Sunday, 2 December 2018

José Serebrier 80th birthday tribute - George Gershwin



Congratulations to José Serebrier on his 80th birthday ! He's a conductor who occupies a unique place, mentored by Leopold Stokowski and George Szell, always independent and open-minded.  Please read more about him in this article here. A most interesting personality!  So let's celebrate with this historic Gershwin Centenary Edition recording from SOMM where Serebrier conducts the Royal Scottish National Orchestra in Gershwin's An American in Paris, Three preludes and Concerto in F for Piano and Orchestra, featuring Leopold Godowsky III, Gershwin's nephew.

The public image of George Gershwin these days is coloured by his sucesss on Broadway and the use of his music in Hollywood, but in the 1920's Gershwin was part of the avant garde. The premiere of Rhapsody in Blue in February 1924 was attended by Stokowski, Rachmaninoff, Fritz Kreisler and Walter Damrosch, who was keen enough to offer Gershwin a commisson which resulted in the Piano Concerto in F, with Gershwin himself as soloist, in Carnegie Hall in December 1925. Gershwin was a true original, one of the first to appreciate jazz as serious music, incoporating the sounds of modern, urban America for the concert hall.  George Antheil's Ballet méchanique (1926) was then known only in Paris.  Edgard Varèse's Amériques (1921) and  Hyperprism (1922/3)  were pioneering works, way ahead of their time. Significantly, both were premiered by Stokowski in 1926, 1924 respectively, followed by Arcana in 1927, all this long before Copland and  Bernstein.  It is in that context that Gershwin's place in modern music is now being re-assessed. Please read more here about the University of Michigan Gershwin Initiative and the on-going new critical edition of his opus.   . 

Serebrier's interest in Gershwin and in American music goes back to his childhood. At the age of fourteen, he organized a concert of fellow music students, attended by the then President of Uruguay, a high profile event, covered in the newspapers at the time. Sereberier conducted Gershwin, Edgard Varèse and Charles Ruggles who even now are "new music". Too young to have formed preconceptions, the young players were carried away by Serebrier's enthusiasm. That freshness has rarely dimmed, as these performances indicate. Serebrier's Gershwin descends from "source" to speak, from an original approach to the scores themselves, not from the popular image. Thus this vivid interpretation of An American in Paris which captures the excitement Gershwin felt when he discovered Paris when it was the cutting edge centre of innovation.  The introduction swaggers with the confidence of a young man on an adventure. Brashness gives way to galumphs (bassoons, tuba, trombones) the walking pace leaping with joy.  In the second section a tentaive mood is soon brushed away by the exuberant theme led by different saxophones : a fanfare for the New World,  the instrument itself invented a few decades before. The famous "Blues" motif curls sensuously, the strings around it expansive.  Homesickness doesn't last long though: Paris has absorbed jazz on its own terms. Thus the sassy trumpets and saxophones, and the playful syncopation. When the "walking" theme returns, it is underlined by percussion.  An animated final section, with crashing cymbals, and taxi horns (employed earlier by Varèse) and a bittersweet conclusion.   The new edition of the score, premiered recently, is sharper, but on this recording, made in 1998, Serebrier gives the standard edition a very fine reading.

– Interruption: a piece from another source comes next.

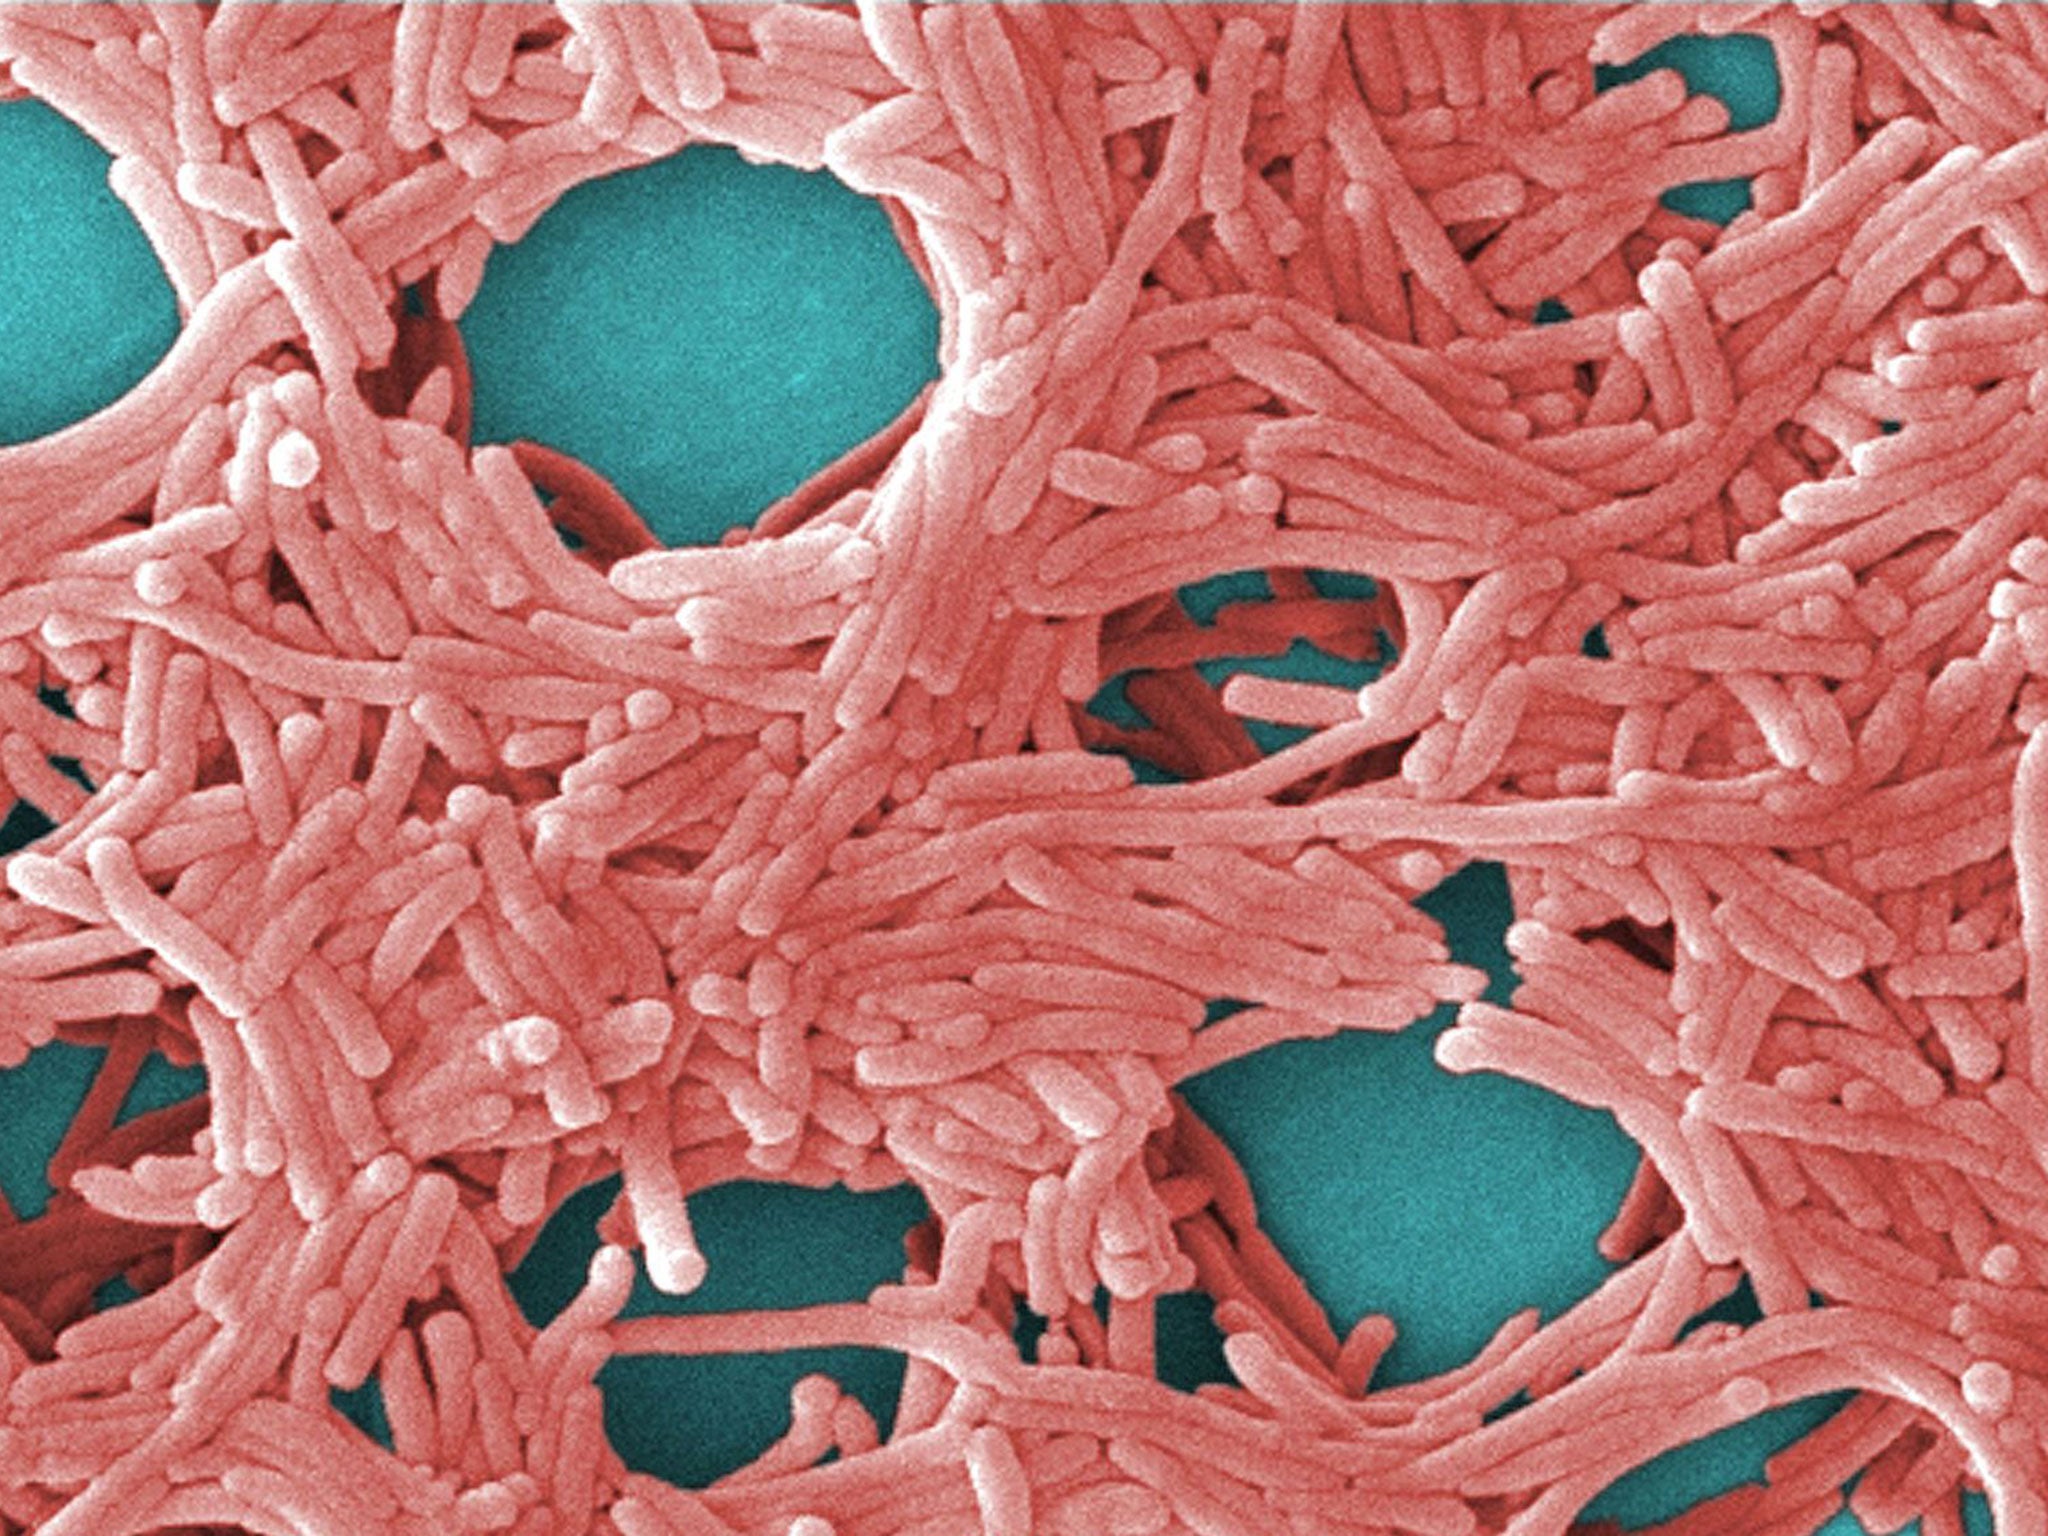 La bacteria Legionella fue la responsable del brote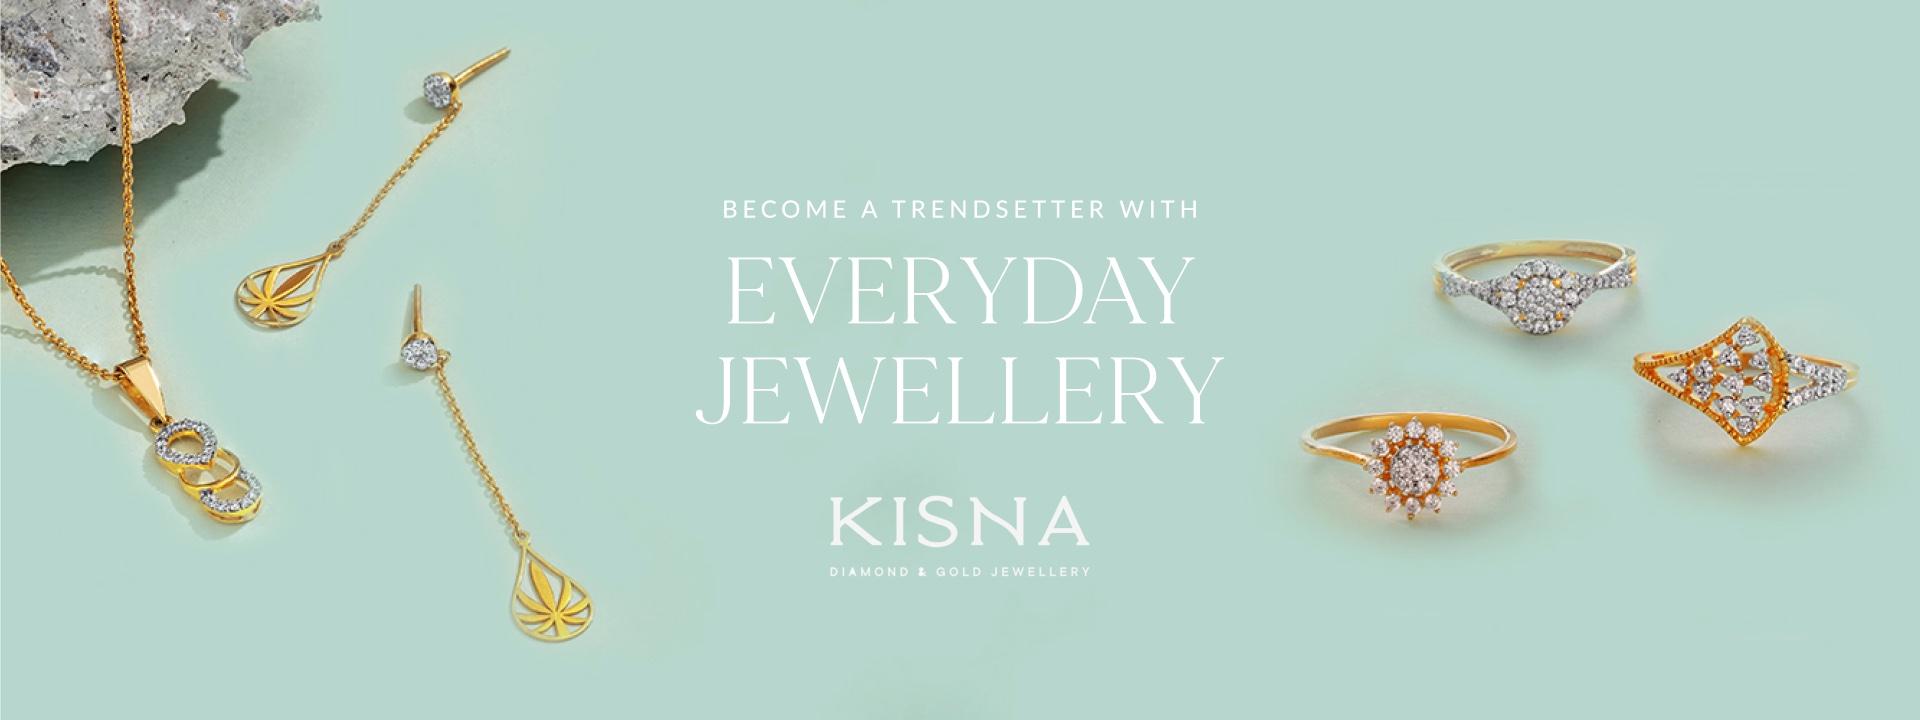 Kisna Jewelry

Gershwin's Piano Concerto in F is, in comparison, more conventional, though the distinctively Gershwinesque strings give it character.  Serebrier brings out the spikey tension in the introduction, which is answered by the piano, (Leopold Godowski III)  developing a smoother line. The second movemnent is a nocturne that grows more intense as it proceeds.  Serebrier shapes the finale, marked molto agitato - con brio. so it seems to burst with suppressed energy.  Alexander Glazunov was present at the premiere, in December 1928, Damrosch having sensed a Russian context to the concerto. But it is woth noting that Serebrier is one of the finest Glazunov conductors, and has recorded the complete symphonies with this orchestra, the Royal Scottish National, and with the Russian National Orchestra.  

Gershwin's Three Preludes were originally planned as an extended series of piano pieces, of which only three were published. On this recording, we hear Serebrier's transcription for orchestra. The piano still dominates, the orchestra extending and enhancing the line.  Serebrier is also a composer, whose first symphony impressed Stokowski so much that the older conductor invited the younger to join him as an Associate with the American Symphony Orchestra.  Although Gershwin's Lullaby, written when he was only 20 for a Broadway comedy, is little known. Serebrier orchestrated it at the request of Leopold Godowsky III. The new orchestration respects the repeated phrases, colouring them without overpowering what is effectively a miniature. It is included in this recording becaause it reflects the lullaby in the second Prelude.